Large Language Models show promise in emotion understanding, social reasoning, and empathy, yet they struggle with psychologically grounded tasks that require inferring implicit mental states in context-rich, ambiguous settings. These limitations arise from the absence of theory-aligned supervision and the difficulty of capturing nuanced mental processes in real-world narratives. To address this gap, we leverage expert-labeled, psychologically rich scenarios and propose a trajectory-aware reinforcement learning framework that explicitly imitates expert psychological thought patterns. By integrating real-world stimuli with structured reasoning guidance, our approach enables compact models to internalize social-cognitive principles, perform nuanced psychological inference, and support continual self-improvement. Comprehensive experiments across multiple benchmarks further demonstrate that our models achieve expert-level interpretive capabilities, exhibiting strong out-of-distribution generalization and robust continual learning across diverse, challenging, and psychologically grounded tasks.

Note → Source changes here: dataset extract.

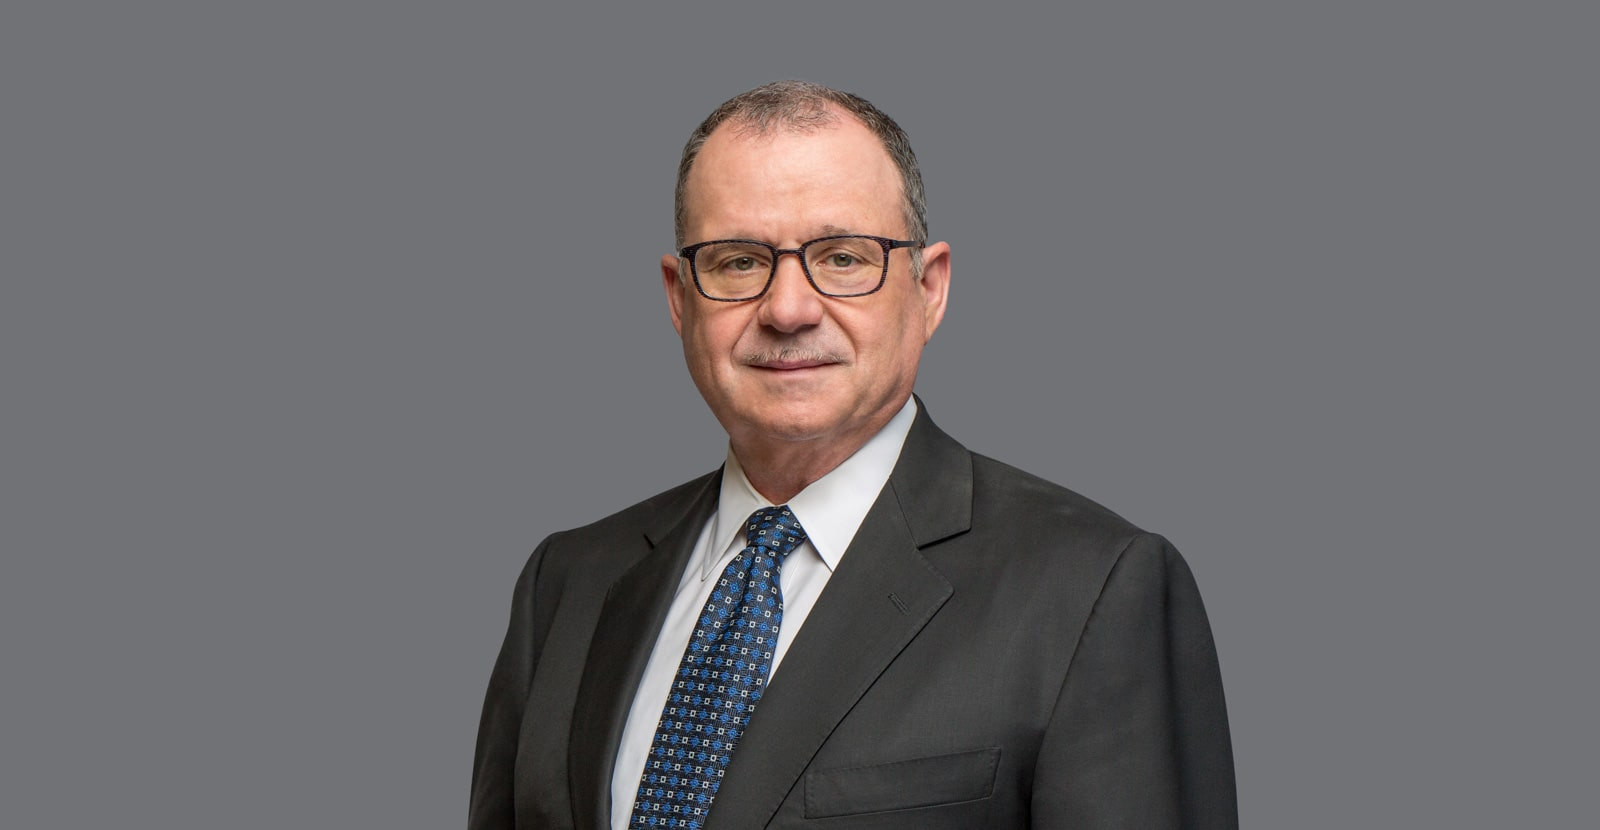 David-Merner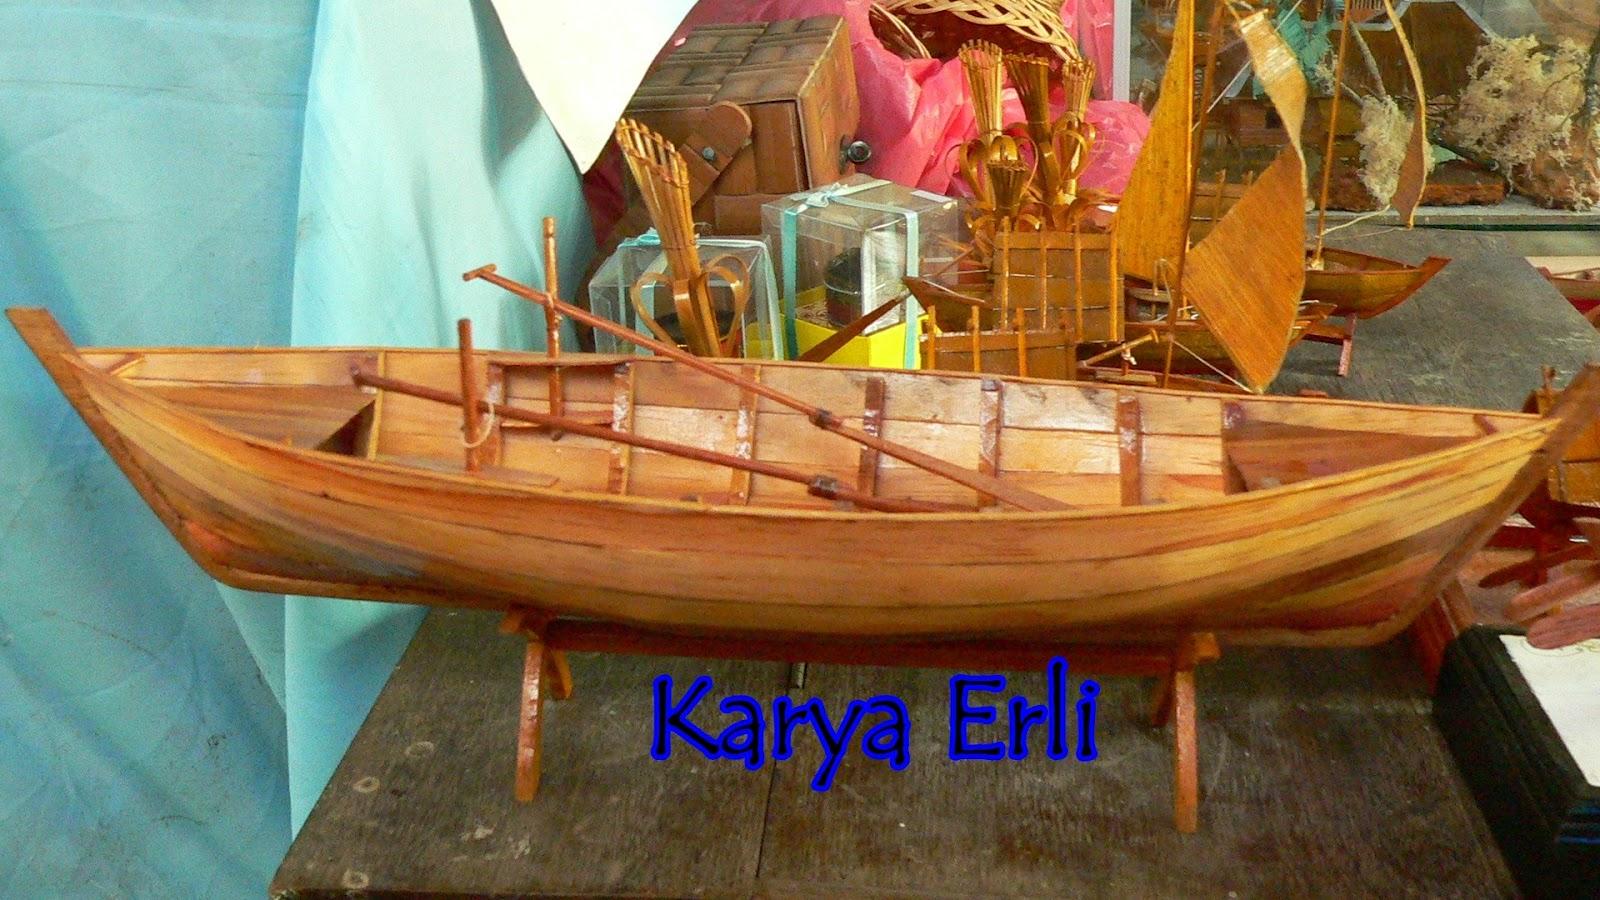 bambu karya erli miniatur kapal nelayan pulau bintan karya erli

翻译：大语言模型在情感理解、社会推理和共情方面展现出潜力，但在需要从情境丰富、模糊的环境中推断隐含心理状态的心理基础任务上仍存在困难。这些局限性源于缺乏理论对齐的监督以及难以捕捉现实世界叙事中微妙心理过程。为弥补这一不足，我们利用专家标注的、心理丰富的场景，提出一种轨迹感知的强化学习框架，该框架明确模仿专家的心理思维模式。通过整合现实世界刺激与结构化推理指导，我们的方法使紧凑模型能够内化社会认知原则，执行精细的心理推断，并支持持续自我改进。在多个基准测试上的综合实验进一步表明，我们的模型实现了专家级的解释能力，在多样化、具有挑战性且基于心理学的任务上展现出强大的分布外泛化能力和稳健的持续学习性能。